# old ruger 44 mag carbine, 1971 or so



## gator37 (Dec 14, 2009)

What does the note indicating "pre-warning" mean in reference to the above firearm.
Thanks Dave


----------



## chainshaw (Dec 14, 2009)

Before warning labels were required on firearms.


----------



## frankwright (Dec 14, 2009)

Ruger now has a paragraph stamped into their barrels telling you to read the manual etc, older "pre warning" guns do not have that ugly billboard on the weapon.


----------



## Twenty five ought six (Dec 14, 2009)

It's the result of a lawsuit that Ruger lost regarding the Blackhawk pistol.

Some fool managed to shoot himself with one, and Ruger took the very reasonable position that with a design that was nearly 150 years old, there was no obligation to give a warning.  A jury disagreed.

So Ruger took it upon itself to put a "warning" on each gun to the effect that if you are stupid enough, you probably can shoot yourself with their guns.

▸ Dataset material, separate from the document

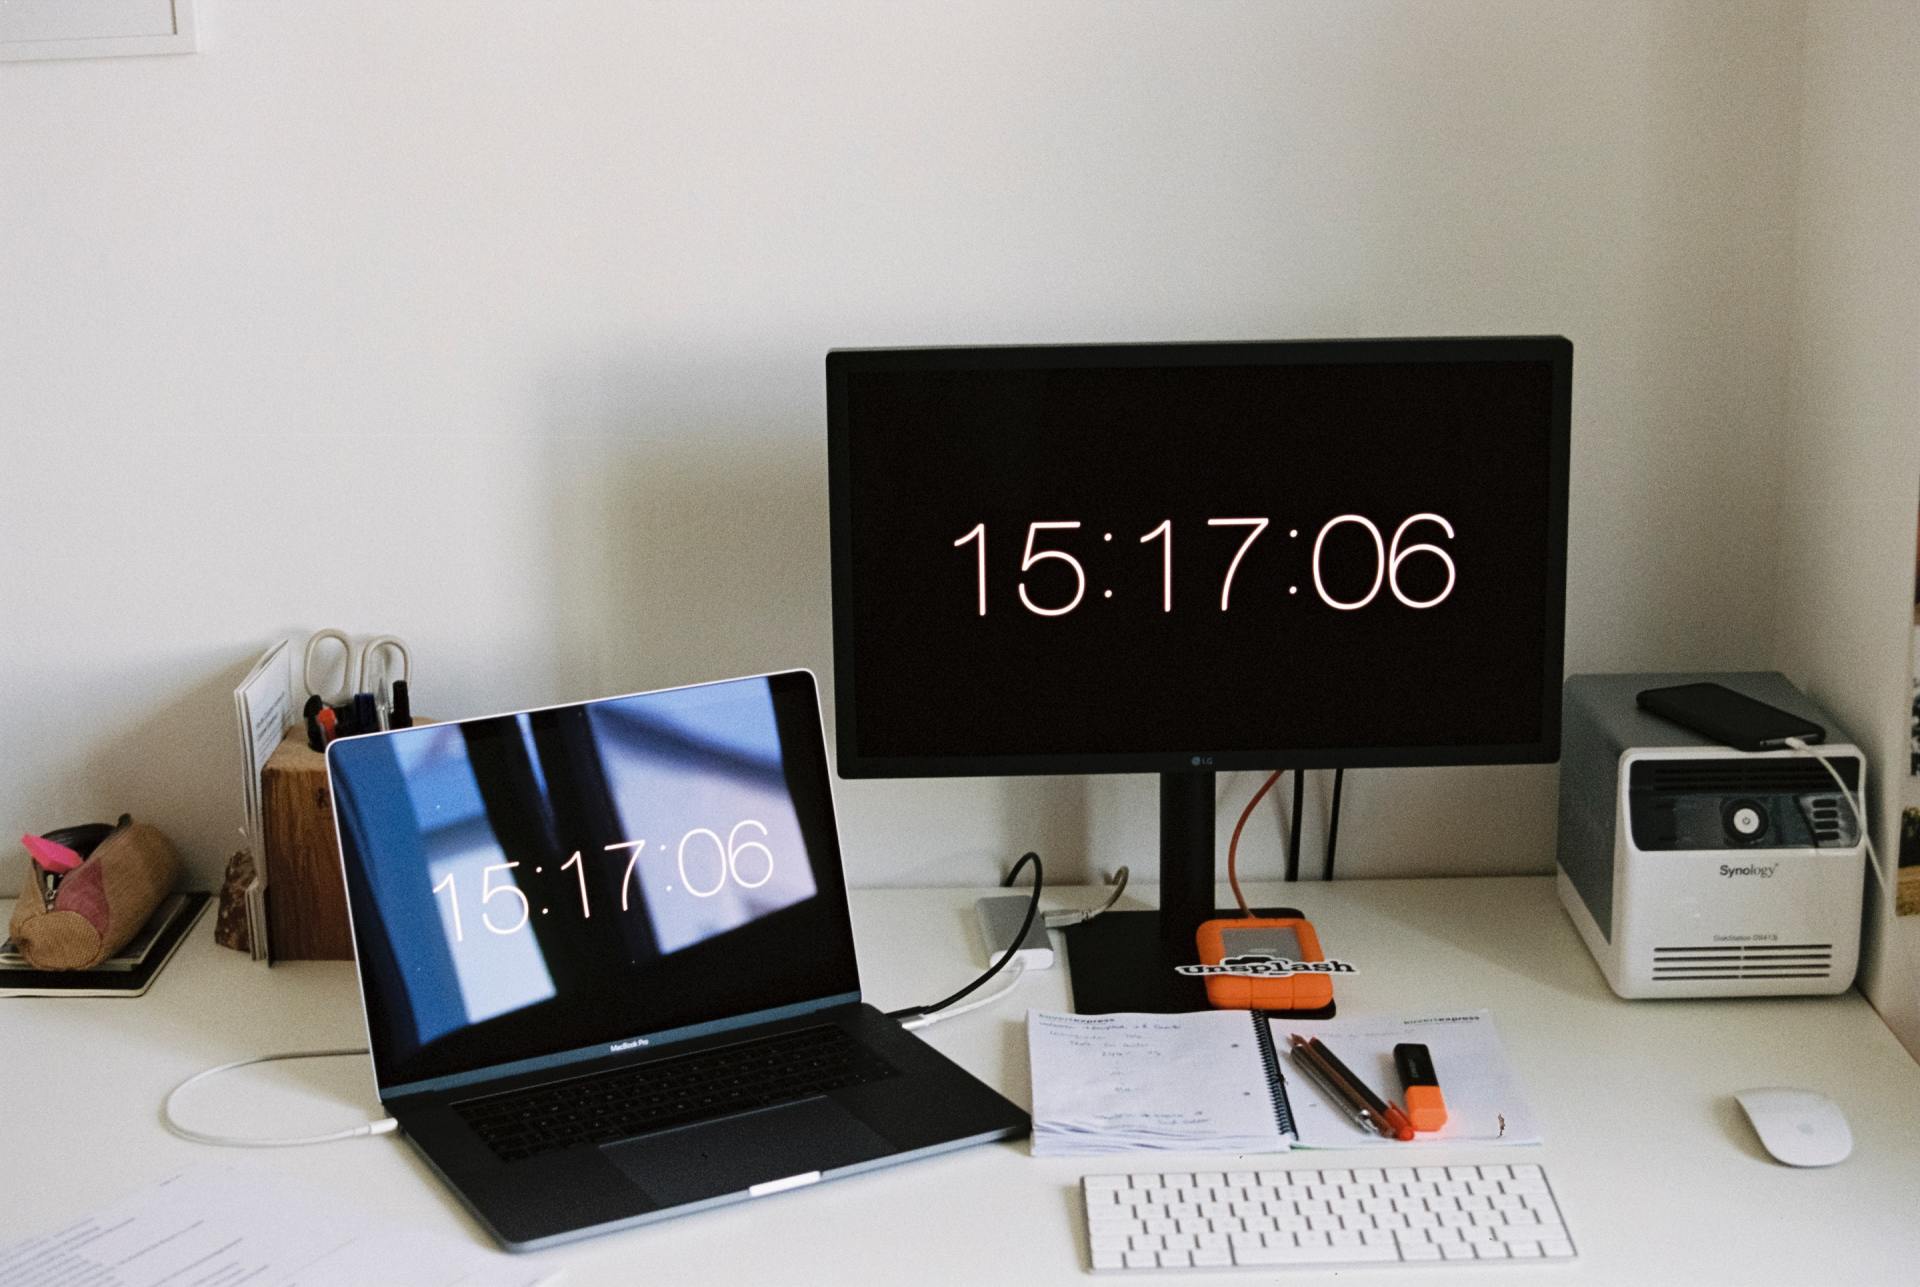 A computer monitor displays the time as 15:17:06
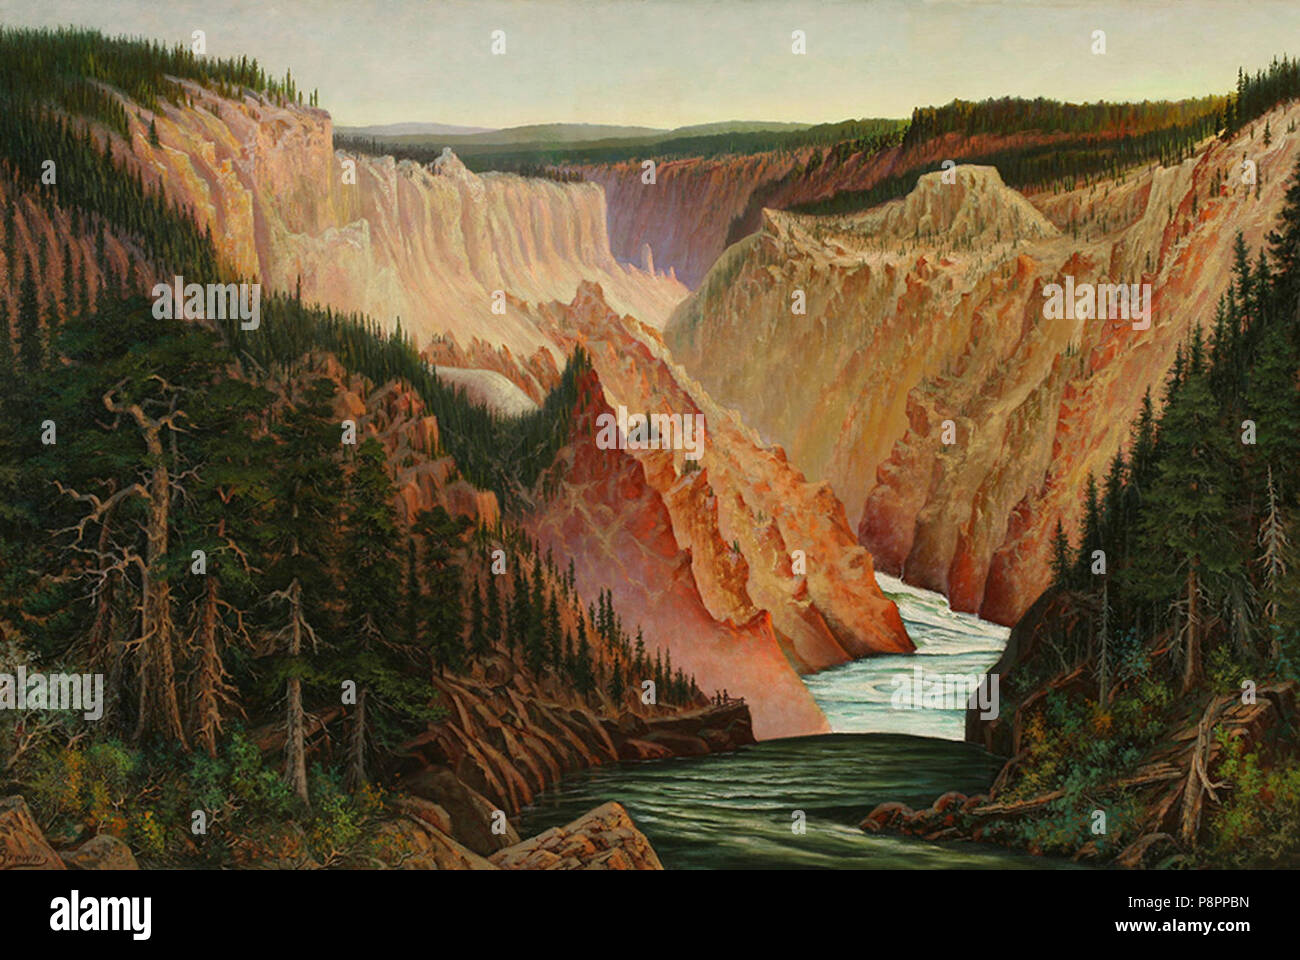 A Canyon River with Pines and Figures (Yellowstone) by Grafton Tyler Brown. Stock Photo

There is no legal requirement that this warning be displayed.  A lot of people find the warning insulting to their intelligence, and an affront to the eye, and so there is a premium for guns that are "pre-warning."  Same guns, no disclaimer on the barrel.


----------



## gator37 (Dec 14, 2009)

Thank you all. I thought there might be a bigger problem or malfunction of this perticuler 44.


----------